문제 해결을 위한 연구가 있었다. 하지만 비교는 없으며, 작은 문제(MNIST)에만 적용이 되어 왔다. There have been multiple attempts to develop schemes that mitigate catastrophic forgetting, but these methods have not been directly compared, the tests used to evaluate them vary considerably, and these methods have only been evaluated on small-scale problems (e.g., MNIST).

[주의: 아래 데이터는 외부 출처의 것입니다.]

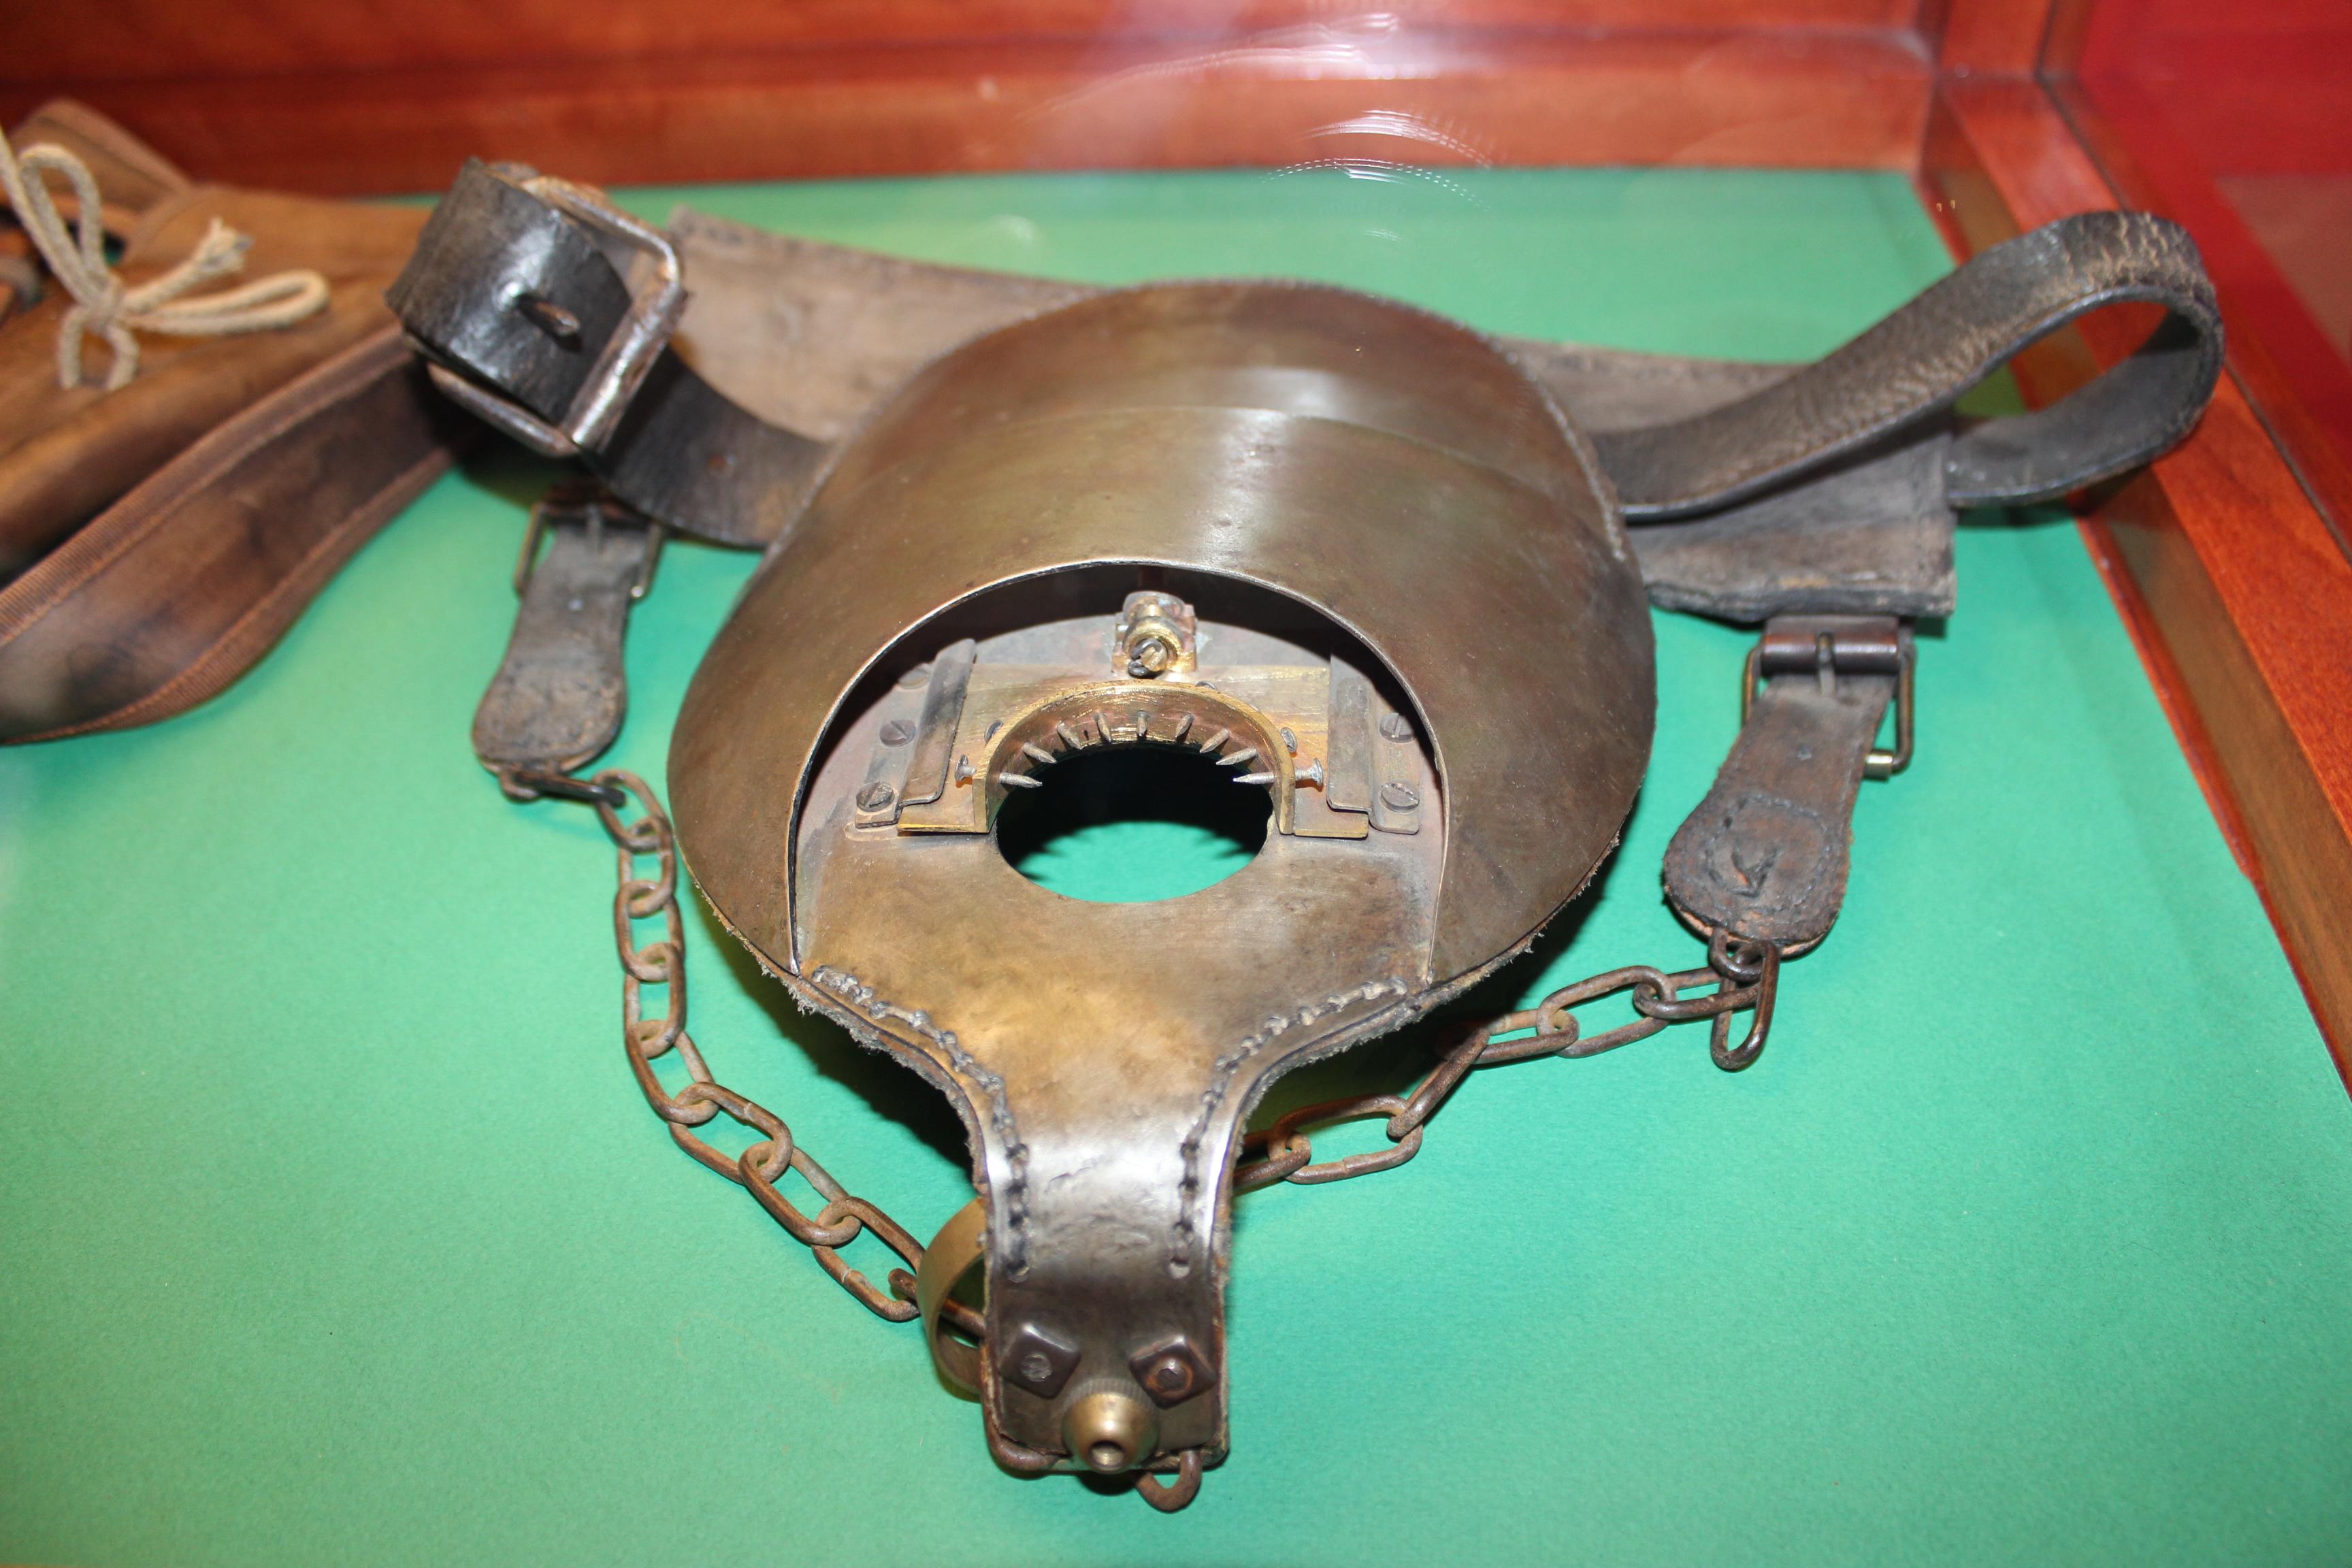 Čo myslíte, je tento pás cudnosti určený pre pánov, alebo pre dámy?
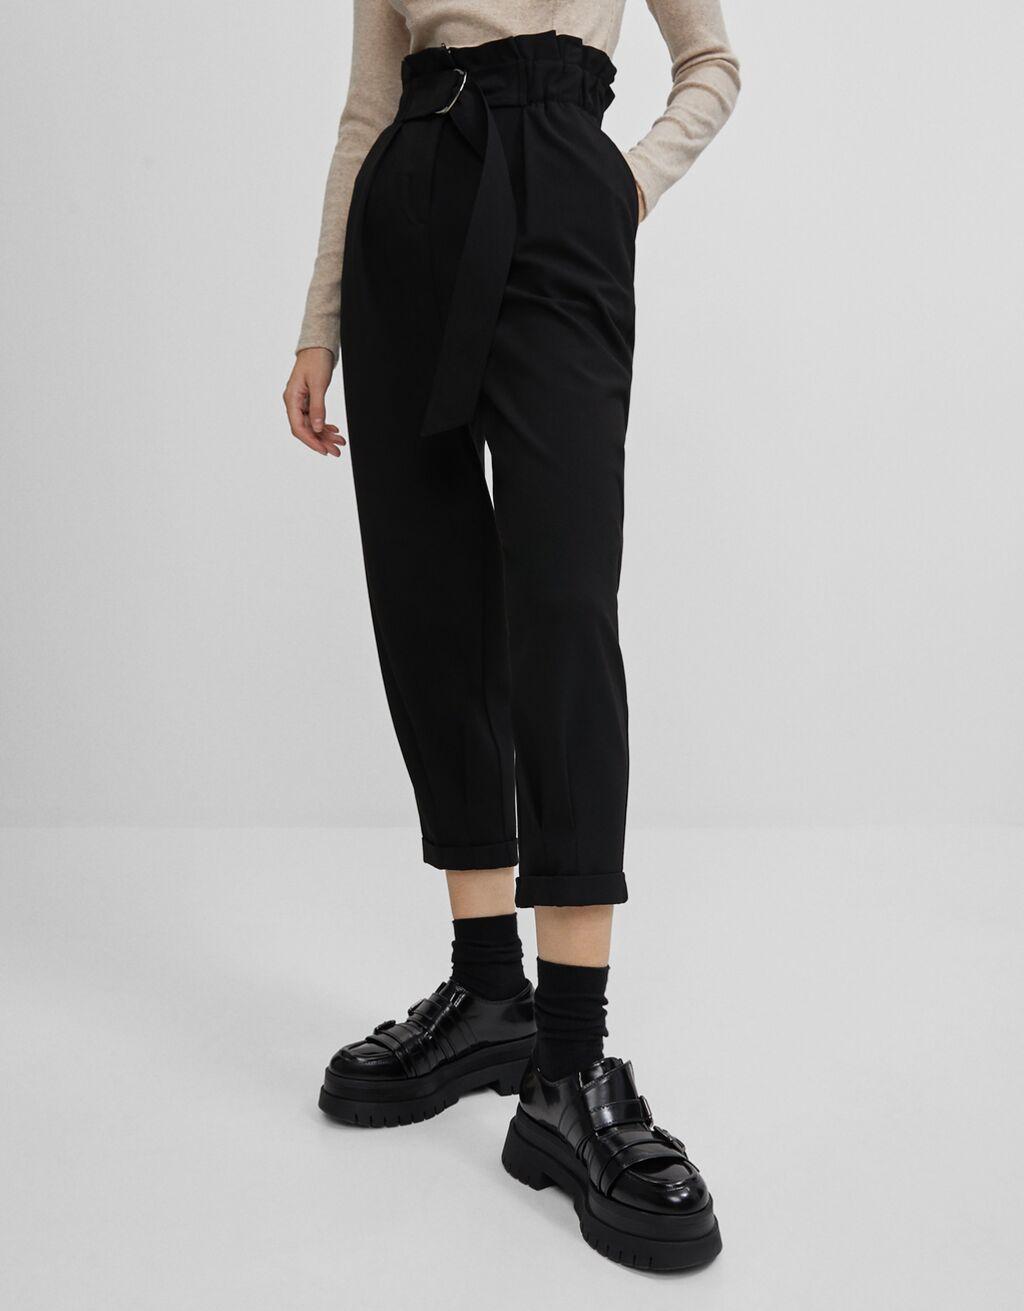 Pantalón Slouchy con cinturón

본 논문에서는 성능평가 메트릭을 소개 하고 5가지로 분류된 기존 연구에 대하여 테스트 하였다. In this paper, we introduce new metrics and benchmarks for directly comparing five different mechanisms designed to mitigate catastrophic forgetting in neural networks:

  • regularization,
  • ensembling,
  • rehearsal,
  • dual-memory,
  • and sparse-coding.

Our experiments on real-world images and sounds show that the mechanism(s) that are critical for optimal performance vary based on the incremental training paradigm and type of data being used, but they all demonstrate that the catastrophic forgetting problem has yet to be solved

1. Introduction

딥러닝은 많은 분야에서 좋은 결과를 보이고 있다. While the basic architecture and training algorithms behind deep neural networks (DNNs) are over 30 years old, interest in them has never been greater in both industry and the artificial intelligence research community. Owing to far larger datasets, increases in computational power, and innovations in activation functions, DNNs have achieved near-human or super-human abilities on a number of problems, including image classification (He et al. 2016), speech-to-text (Khilari and Bhope 2015), and face identification (Schroff, Kalenichenko, and Philbin 2015). These algorithms power most of the recent advances in semantic segmentation (Long, Shelhamer, and Darrell 2015), visual question answering (Kafle and Kanan 2017), and reinforcement learning (Mnih et al. 2013).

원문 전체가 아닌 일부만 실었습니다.